** Data shown follows **
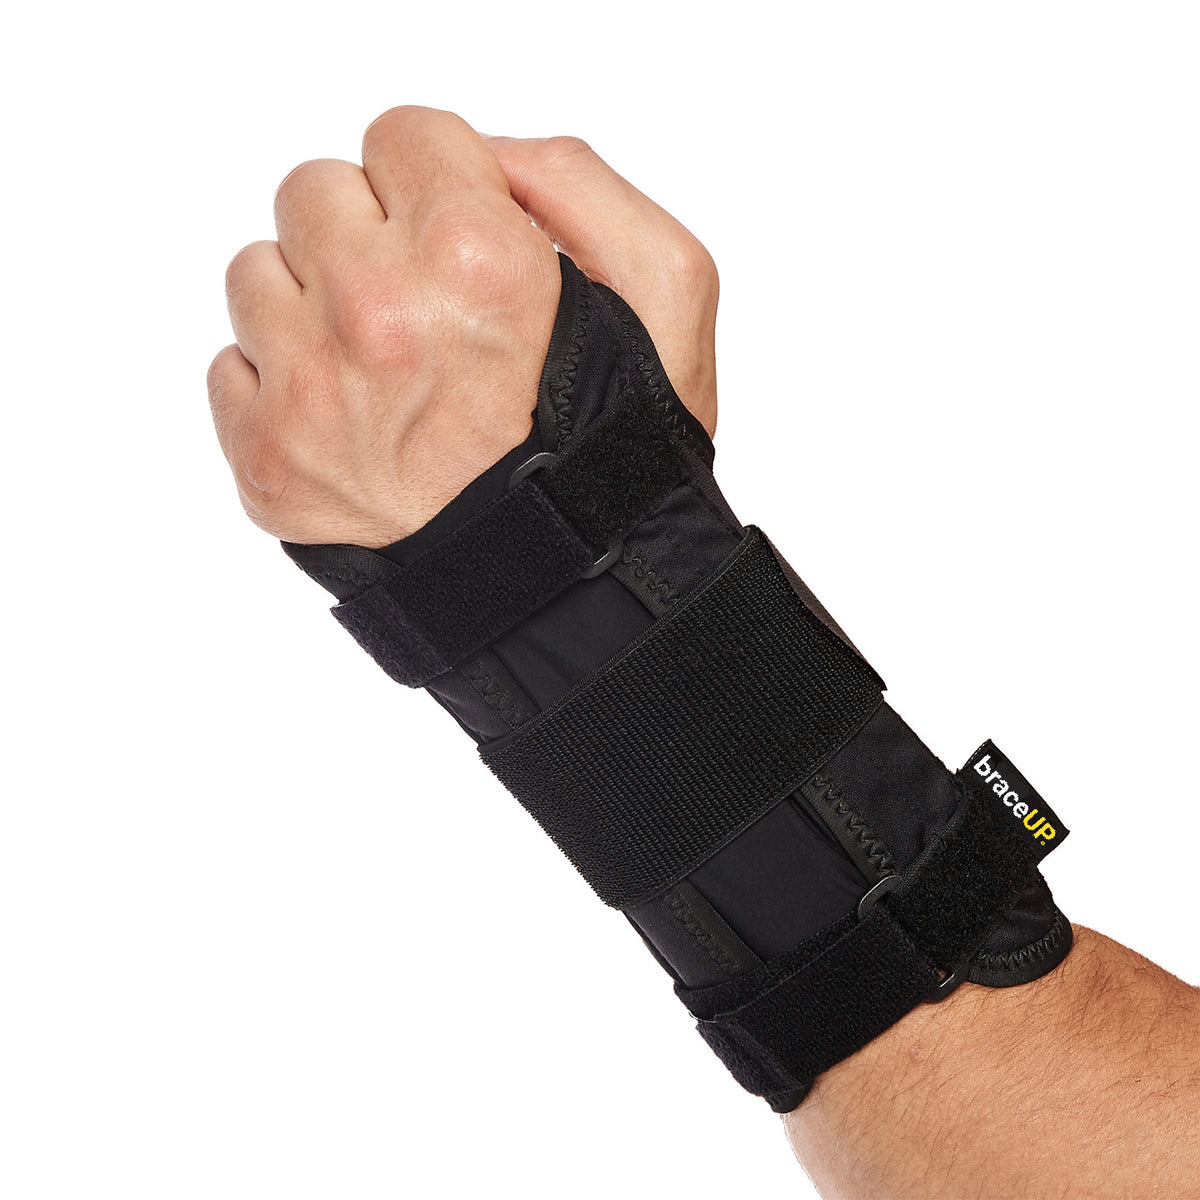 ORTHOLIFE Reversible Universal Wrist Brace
** End of Data shown **
** Data shown follows **
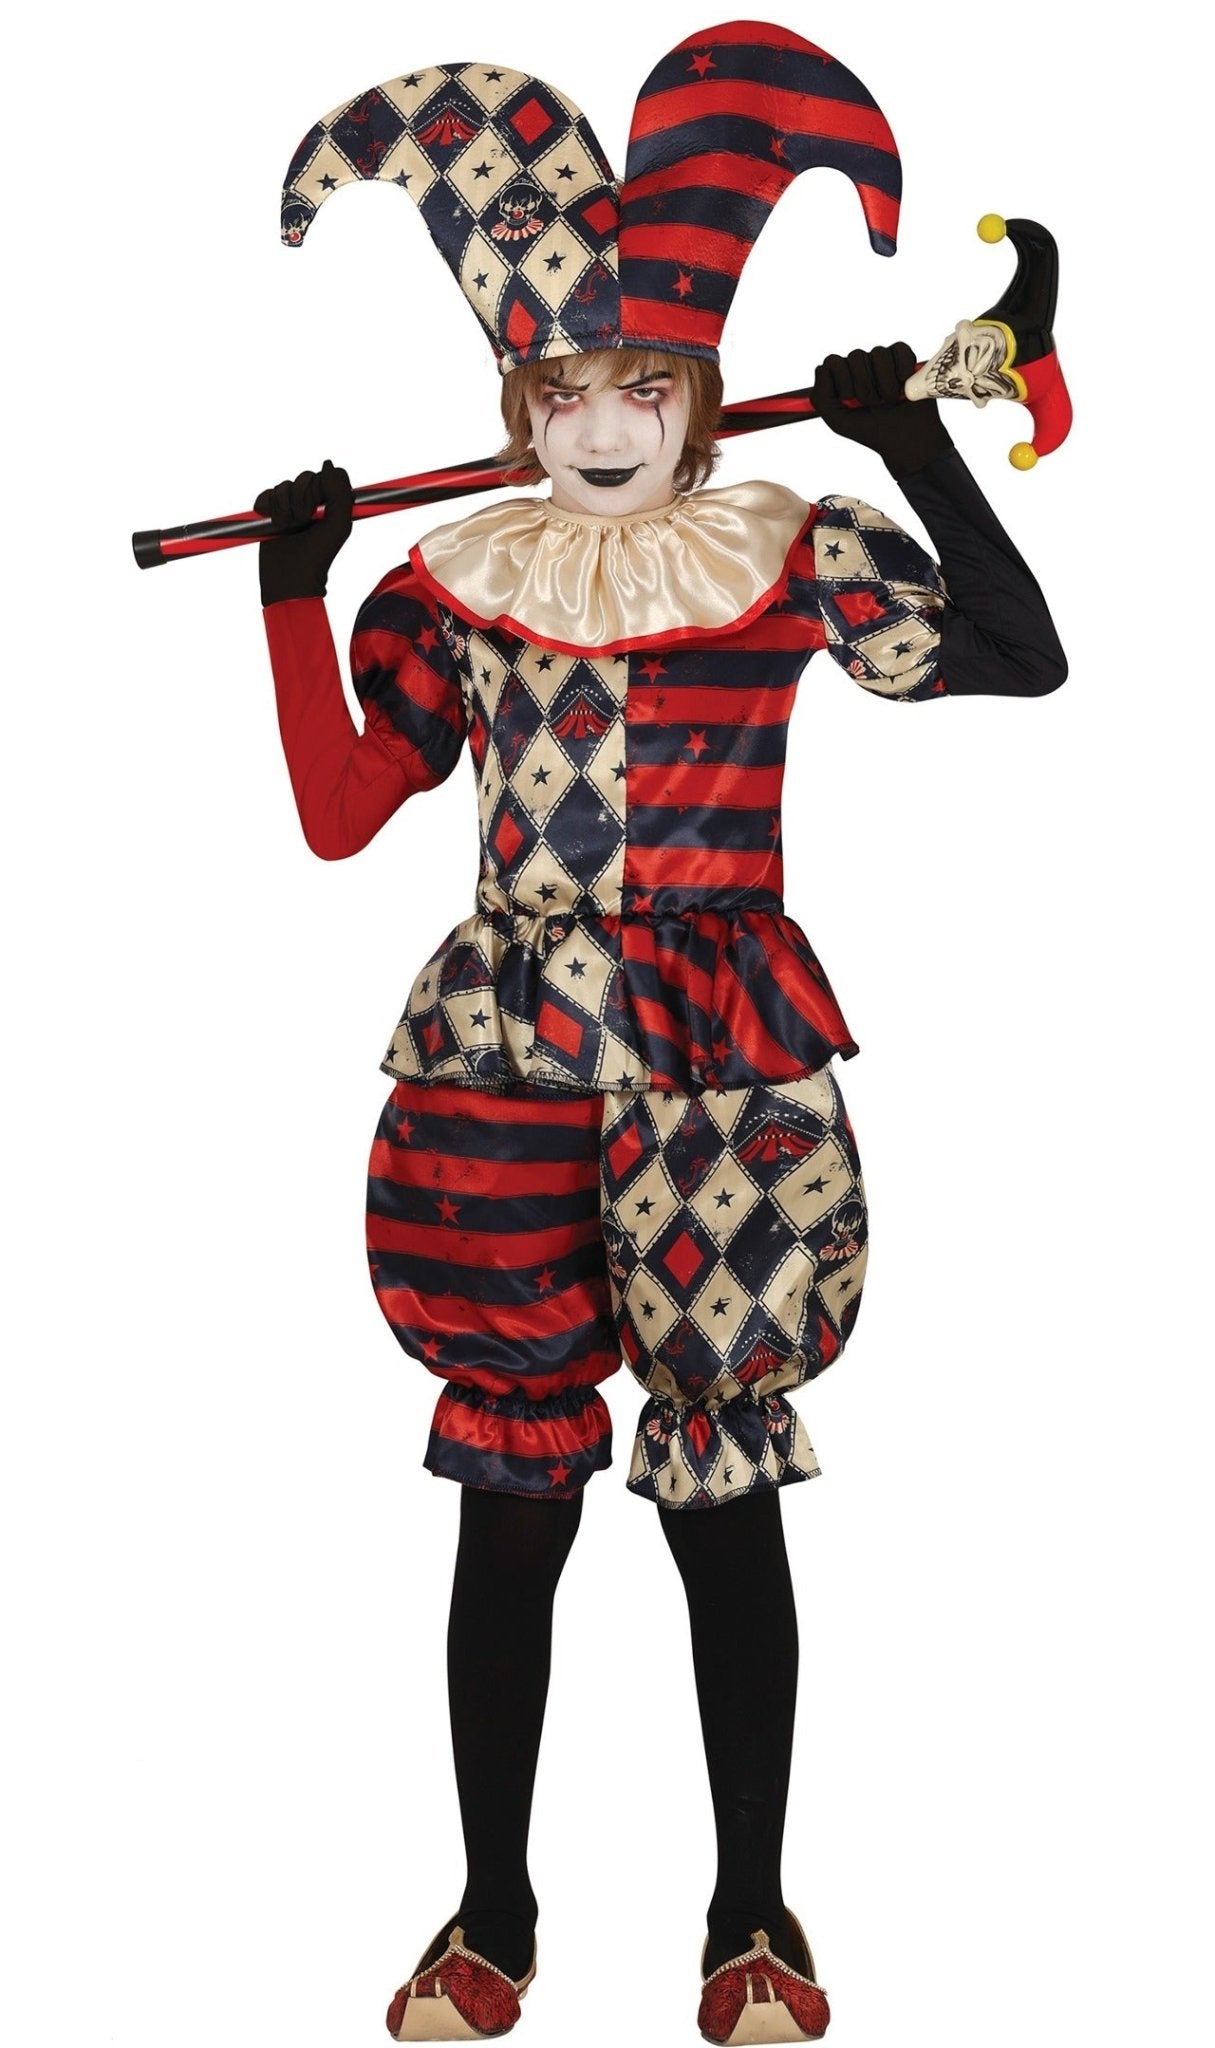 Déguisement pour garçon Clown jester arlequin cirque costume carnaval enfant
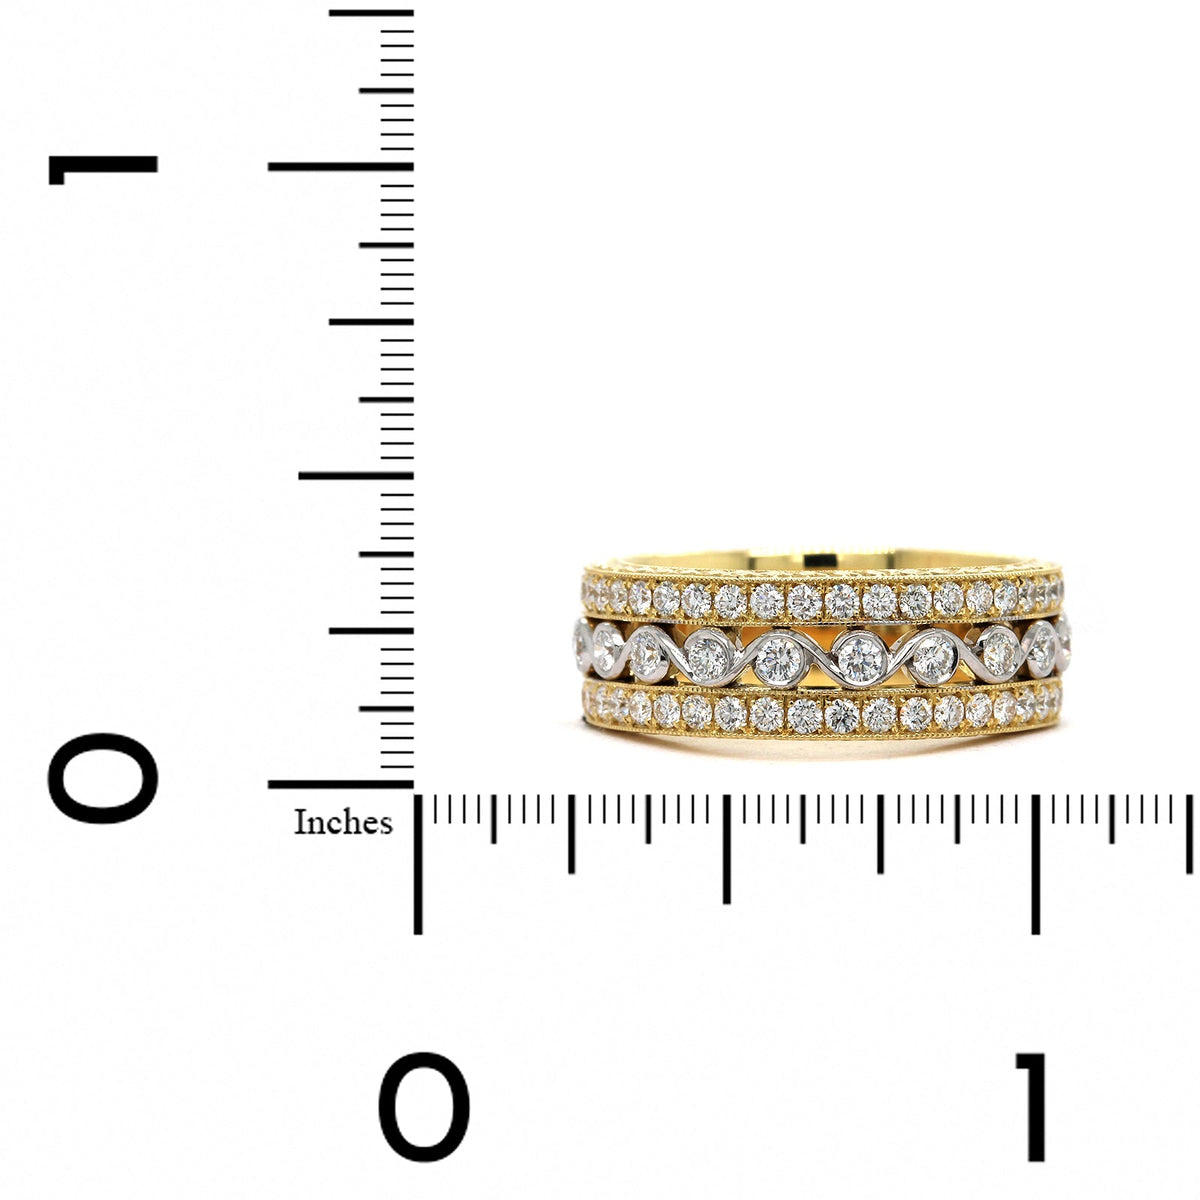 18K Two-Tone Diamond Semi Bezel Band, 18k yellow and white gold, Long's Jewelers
** End of Data shown **
** Data shown follows **
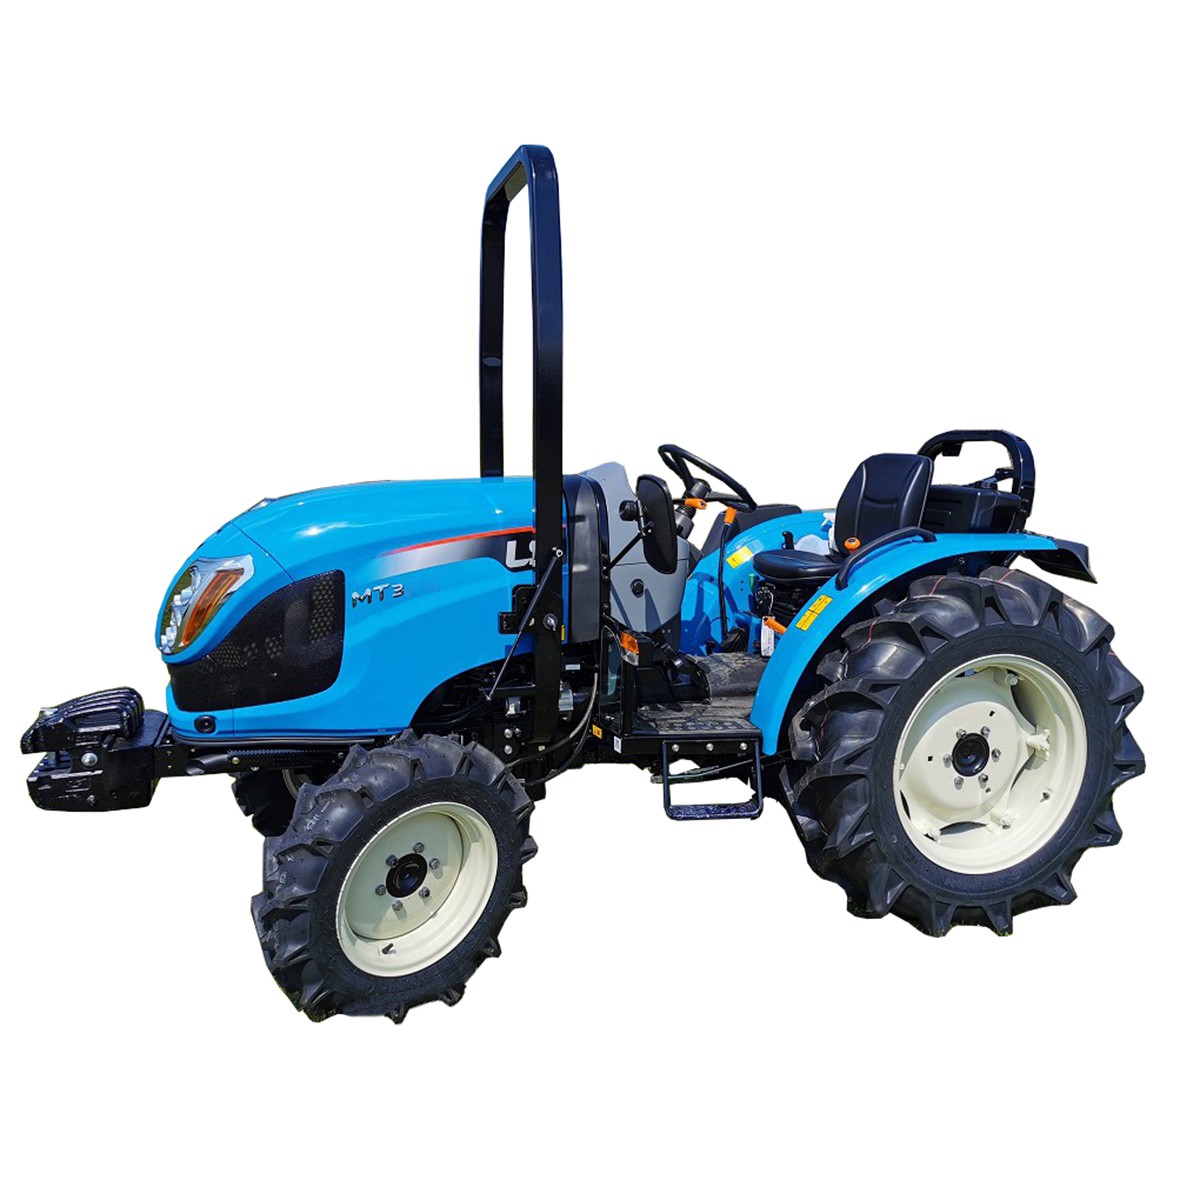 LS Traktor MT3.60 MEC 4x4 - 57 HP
** End of Data shown **
Those lines of the records above that run from the one containing "Déguisement pour garçon" through the one containing "18K Two-Tone Diamond" should be returned exactly, with no pictures among them.

 Déguisement pour garçon Clown jester arlequin cirque costume carnaval enfant
 18K Two-Tone Diamond Semi Bezel Band, 18k yellow and white gold, Long's Jewelers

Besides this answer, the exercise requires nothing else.